By analyzing existing cross correlation between Givaudan SA ADR and Alto Ingredients, you can compare the effects of market volatilities on Givaudan and Alto Ingredients and check how they will diversify away market risk if combined in the same portfolio for a given time horizon. You can also utilize pair trading strategies of matching a long position in Givaudan with a short position of Alto Ingredients. Check out your portfolio center. Please also check ongoing floating volatility patterns of Givaudan and Alto Ingredients.

Diversification Opportunities for Givaudan and Alto Ingredients

0.0
  Correlation Coefficient

Pay attention - limited upside

The 3 months correlation between Givaudan and Alto is 0.0. Overlapping area represents the amount of risk that can be diversified away by holding Givaudan SA ADR and Alto Ingredients in the same portfolio, assuming nothing else is changed. The correlation between historical prices or returns on Alto Ingredients and Givaudan is a relative statistical measure of the degree to which these equity instruments tend to move together. The correlation coefficient measures the extent to which returns on Givaudan SA ADR are associated (or correlated) with Alto Ingredients. Values of the correlation coefficient range from -1 to +1, where. The correlation of zero (0) is possible when the price movement of Alto Ingredients has no effect on the direction of Givaudan i.e., Givaudan and Alto Ingredients go up and down completely randomly.

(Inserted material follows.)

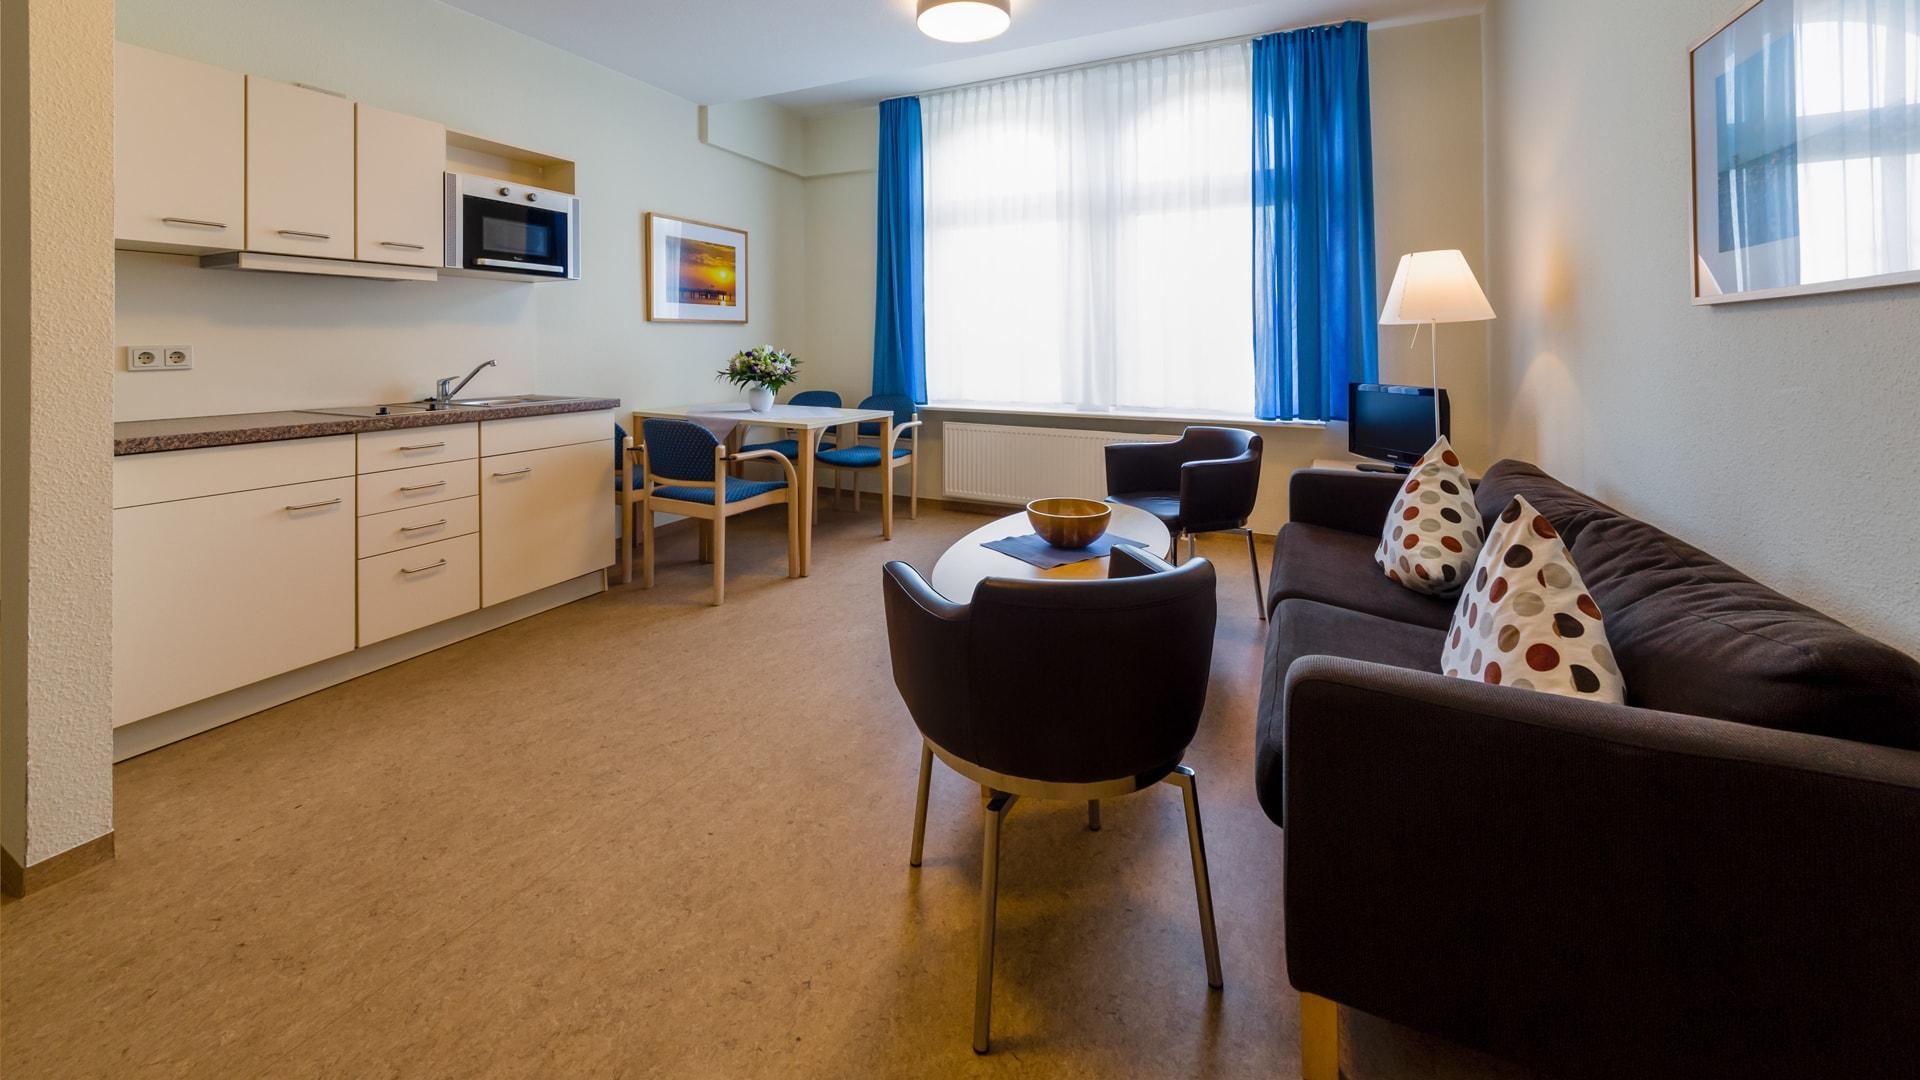 34 Michels_Hotels_Haus_Wilhelm_Augusta_2Raum_Ferienwohnung_Wohnbereich_und_offene_Kueche
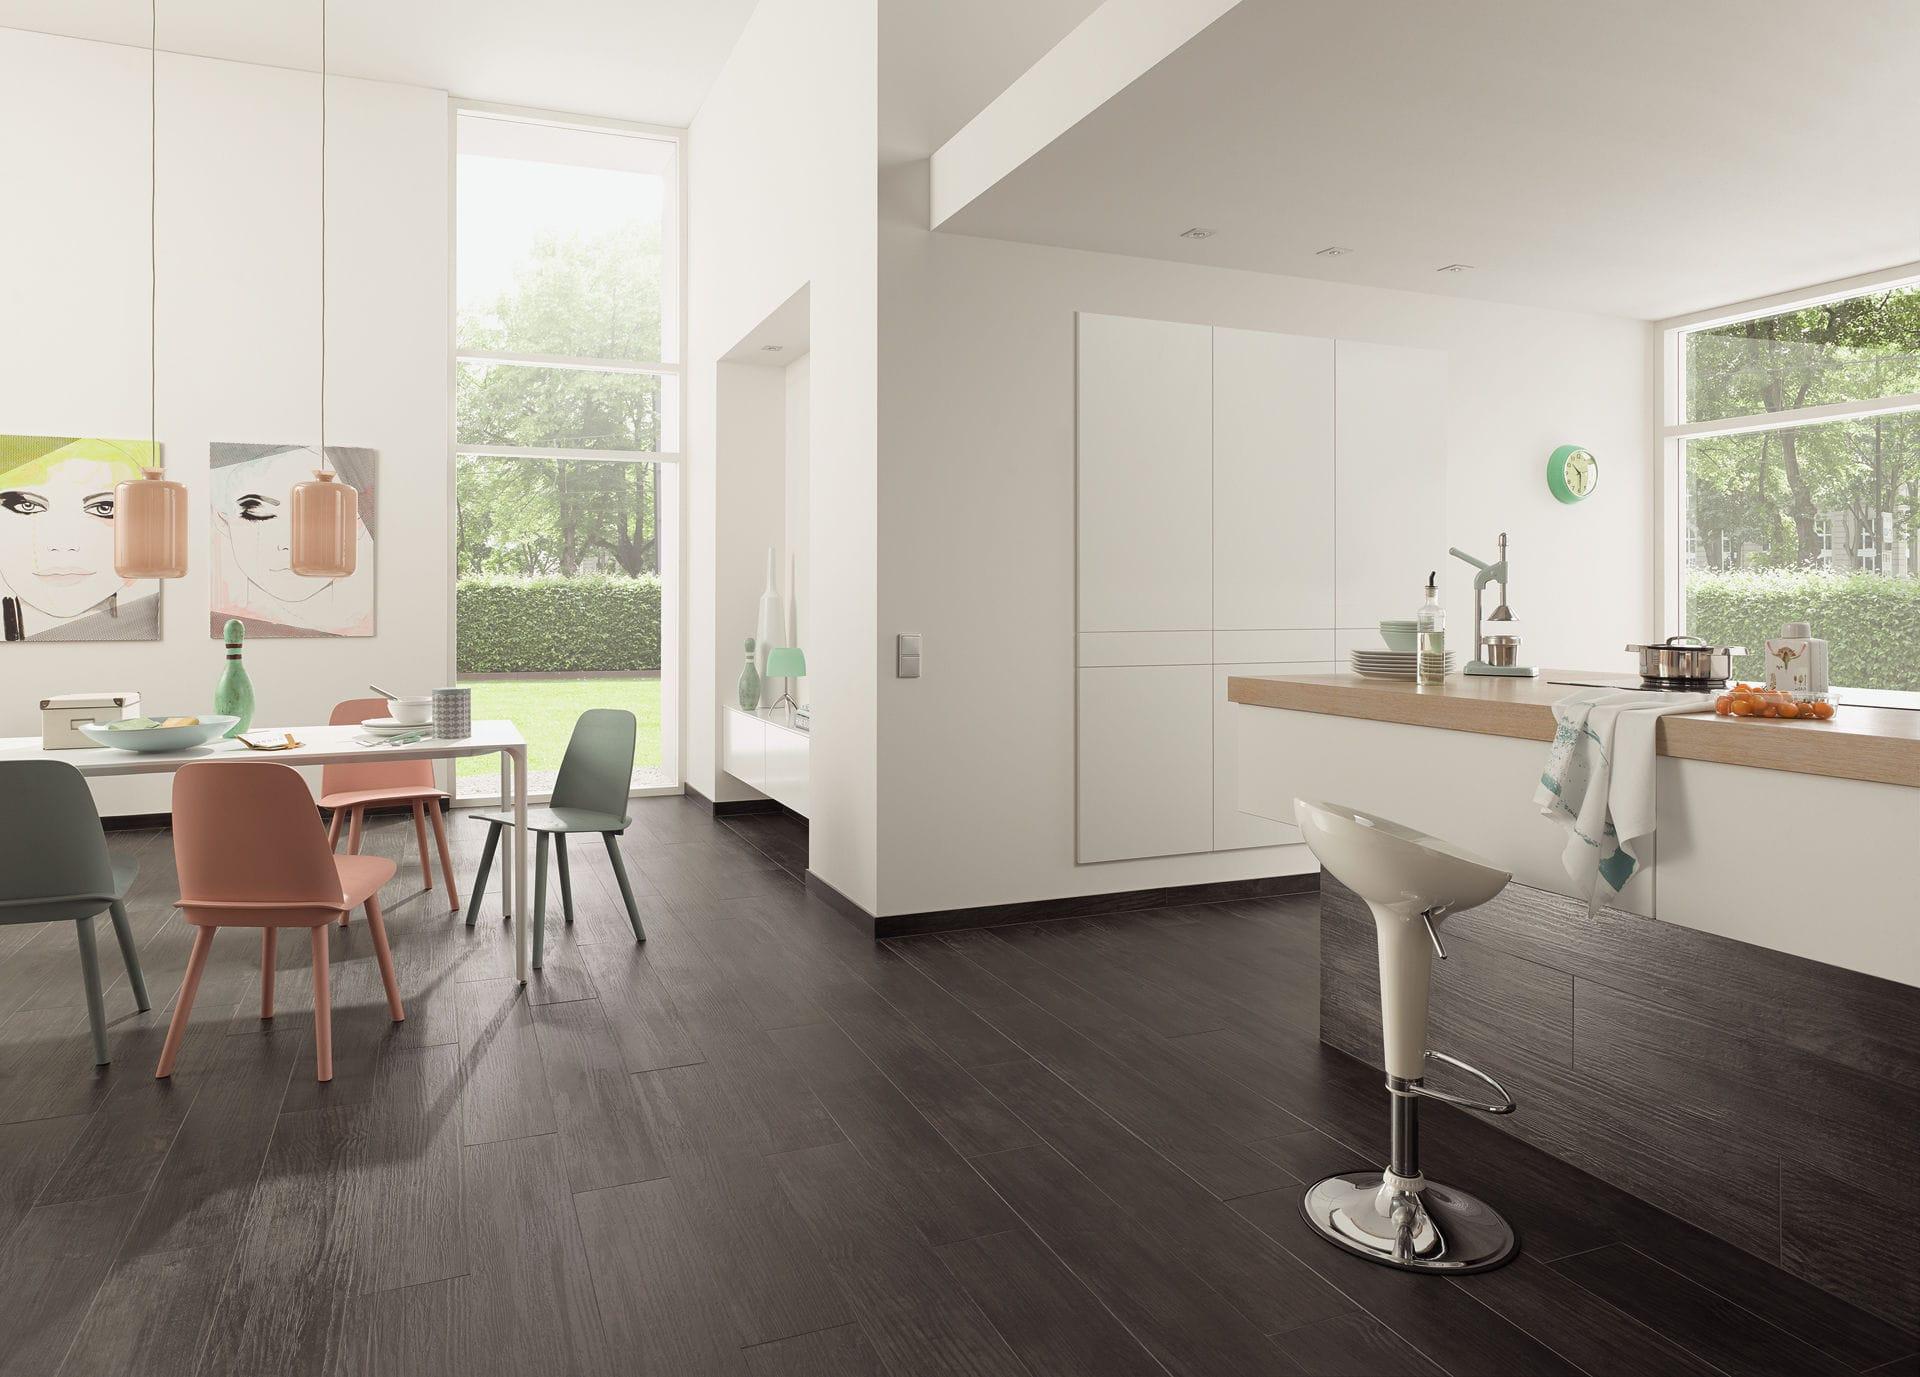 Innenraum-Fliesen / Wohnzimmer / für Böden / Wand - SCHWARZWALD ...

Pair Corralation between Givaudan and Alto Ingredients

Assuming the 90 days horizon Givaudan SA ADR is expected to generate 0.59 times more return on investment than Alto Ingredients. However, Givaudan SA ADR is 1.7 times less risky than Alto Ingredients. It trades about -0.18 of its potential returns per unit of risk. Alto Ingredients is currently generating about -0.41 per unit of risk. If you would invest  9,011  in Givaudan SA ADR on February 3, 2024 and sell it today you would lose (447.00) from holding Givaudan SA ADR or give up 4.96% of portfolio value over 90 days.
Time Period3 Months [change]
DirectionFlat 
StrengthInsignificant
Accuracy100.0%
ValuesDaily Returns

Givaudan SA ADR  vs.  Alto Ingredients

 Performance 
       Timeline  
Givaudan SA ADR 

Risk-Adjusted Performance

6 of 100

 
Weak
 
Strong
Modest
Compared to the overall equity markets, risk-adjusted returns on investments in Givaudan SA ADR are ranked lower than 6 (%) of all global equities and portfolios over the last 90 days. In spite of fairly strong basic indicators, Givaudan is not utilizing all of its potentials. The recent stock price disturbance, may contribute to short-term losses for the investors.
Alto Ingredients 

Risk-Adjusted Performance

2 of 100

 
Weak
 
Strong
Insignificant
Compared to the overall equity markets, risk-adjusted returns on investments in Alto Ingredients are ranked lower than 2 (%) of all global equities and portfolios over the last 90 days. In spite of very weak basic indicators, Alto Ingredients may actually be approaching a critical reversion point that can send shares even higher in June 2024.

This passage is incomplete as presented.